Все это вместе очень интересует и привлекает меня. К тому же она так самонадеянно беспечна, так равнодушно мила, что это меня сердит, особенно когда я вспомню, что не могу притупить глупую боль моего сердца!
Нет, я недоволен собой! Я веду себя как мальчишка! Характер мой испортился до того, что я готов бы был его бросить и остаться совсем без характера, что всего хуже на свете.
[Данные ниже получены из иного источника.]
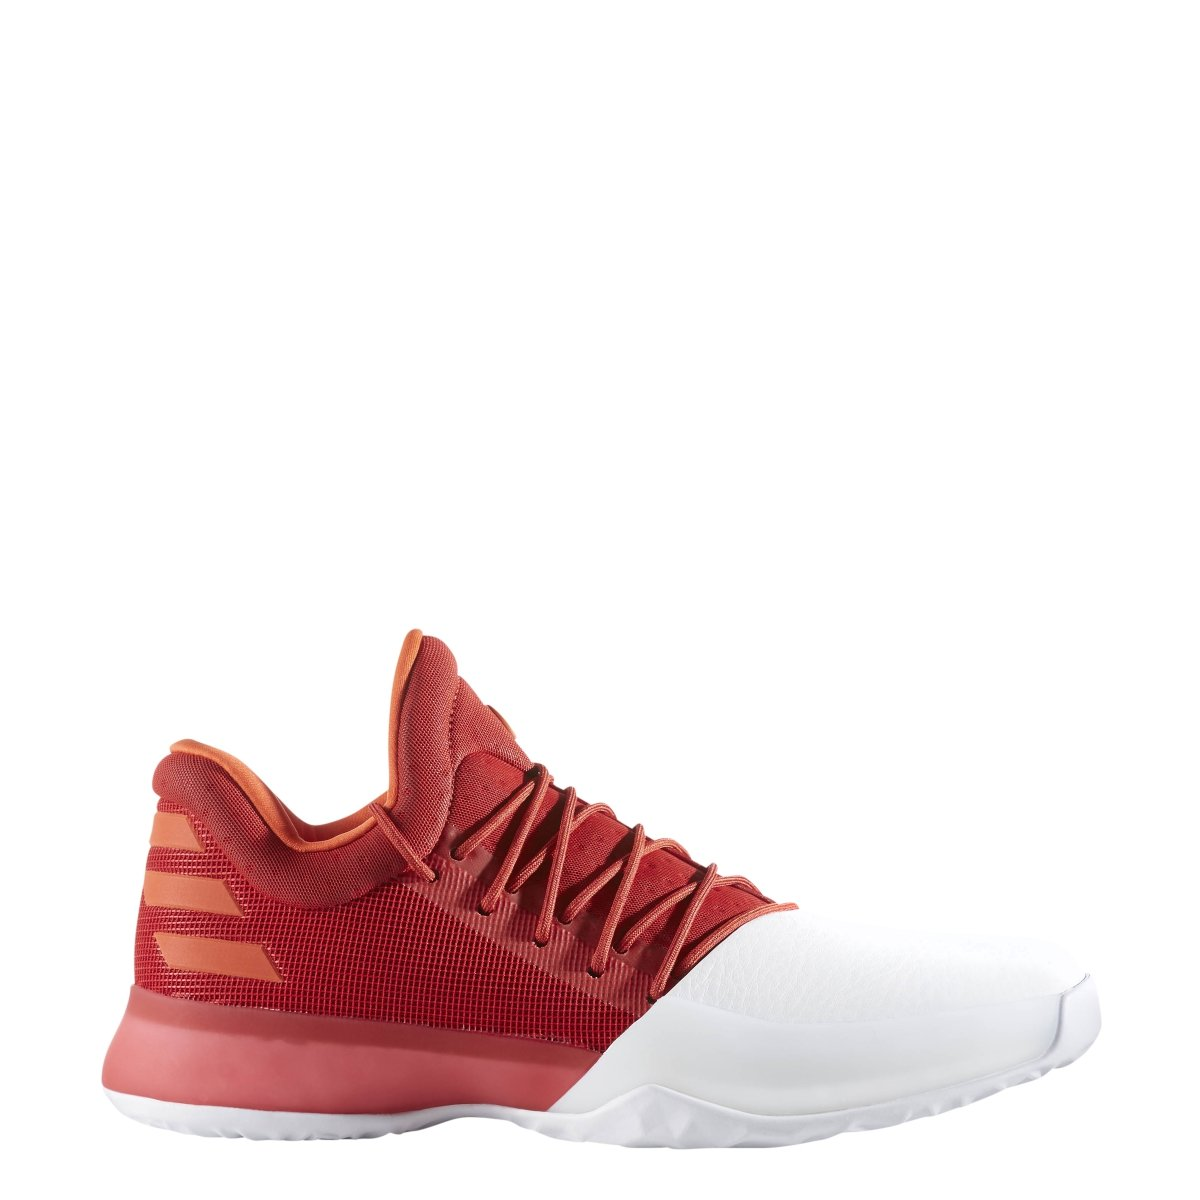 Adidas uomini harden 1 basket scarpa b01mt5leqh d (m) us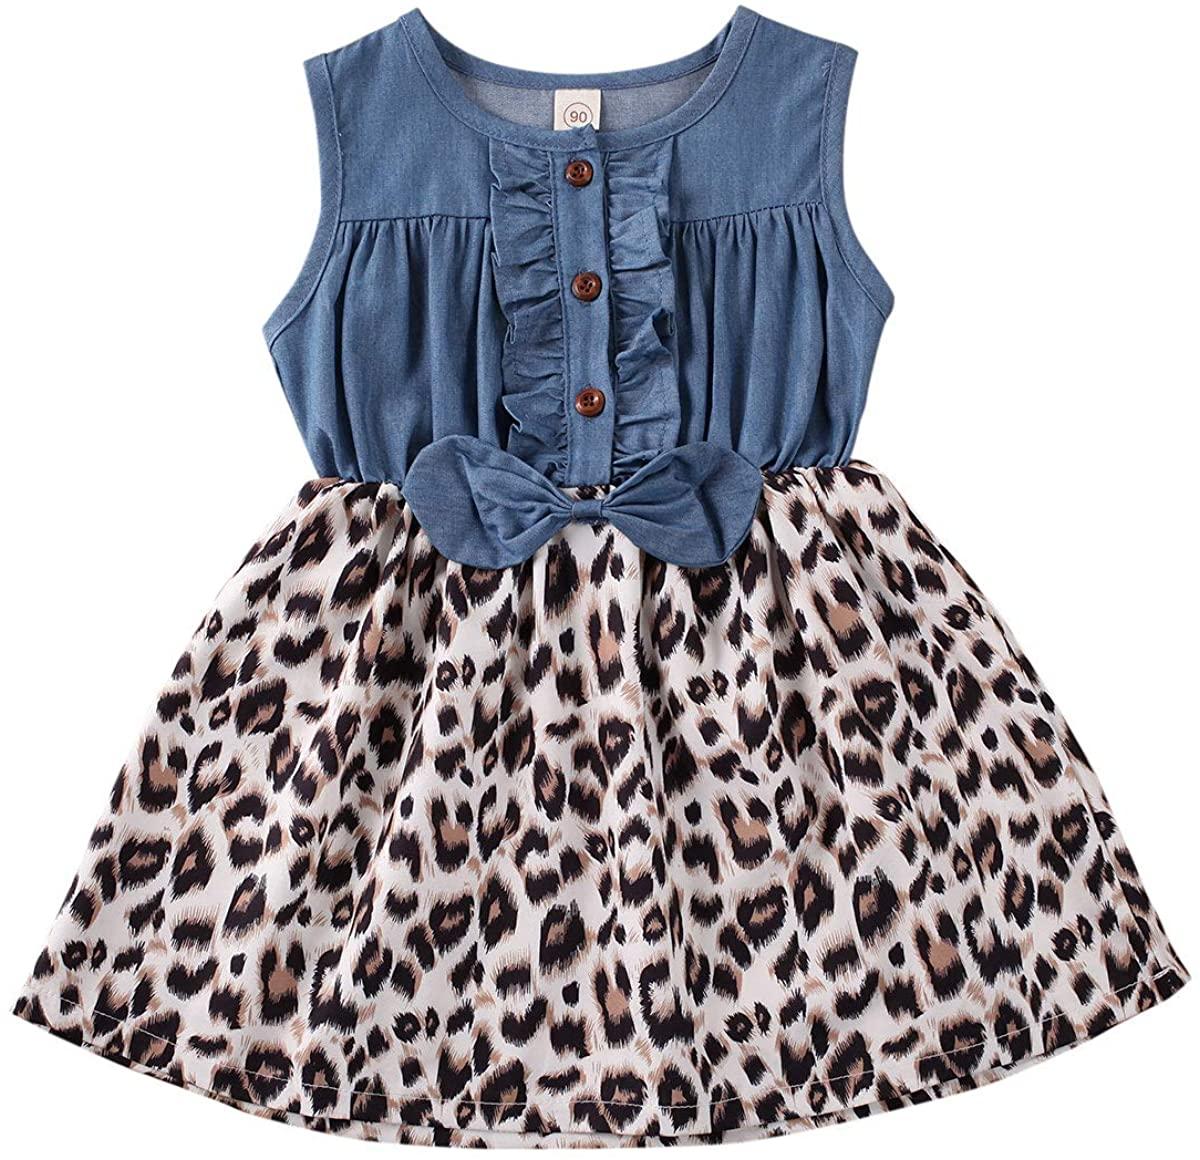 Ambabe Toddler Baby Girl Clothes Denim Sleeveless Bowknot Ruffled Button Stitching Leopard Print Tutu Dress Sundress Outfit

При Вареньке я то лихорадочно весел, то зол, как цепная собака; без нее мне скучно. Я едва удерживаю себя, чтобы не бывать у нее каждый день, и только мои всегдашние странности избавляют меня от замечаний света. Если я весел, говорят: Тамарин сегодня в духе; если я зол, говорят: у Тамарина желчь, и дело с концом. Все знают, что то и другое у меня бывает без причины, и моя прочная репутация холодного эгоиста прикрывает меня.
А Варенька все по-прежнему мила и равнодушна – кажется, еще милее, еще равнодушнее! А глупое сжатие сердца еще сильнее! Что ж это, ревность, что ли? И к кому же? К Володе, к мужу!.. Досадно!
Недавно мы случайно остались вдвоем с Варенькой. Она что-то работала по канве и опустила голову. Я сидел прямо против нее, на низком кресле. Две свечи стояли на пяльцах, и между ними, как в святочных гаданьях, мне видна была головка Вареньки. Я воспользовался своим положением, чтобы незаметно для нее полюбоваться ею. Варенька похорошела. На ее лице нет живости деревенского румянца, но его сменил легкий розовый оттенок. Лицо это, одушевленное чудесными темно-голубыми ясными глазами и двумя ямками на щеках, окаймленное густыми, русыми, гладко причесанными волосами, делало ее головку такой оживленной, и эта головка была так мило поставлена, так проникнута полнотою созревшей мысли, что я с наслаждением любовался ею… Я продолжал смотреть в ее темно-голубые глаза и искал в них признаков смущения и беспокойства, но были они тихи, ясны смело остановились на мне. Прошла долгая минута ожидания. Наконец по устам Вареньки пробежала улыбка, ямки живее обозначились на щеках, и она, немного прищурясь, очень наивно спросила меня:
– Скажите, пожалуйста, что вы так пристально смотрите на меня?
Мне стало совестно самого себя, и я смутился, как почтенный человек, который наедине делает перед зеркалом умильные гримасы и вдруг видит в нем два насмешливых посторонних глаза. Но я оправился и отвечал ей:
– Я искал в ваших чертах черты другой знакомой мне особы.
– И что же?
– И боюсь, что вместо нее увидел вас.
– Будто это так страшно?
– Не страшно, но неутешительно!
– Будете вы завтра в театре? – спросила она.
– Вы хотите переменить разговор?
– Нет, но завтра дают, говорят, хорошую пьесу: «Что имеем, не храним»…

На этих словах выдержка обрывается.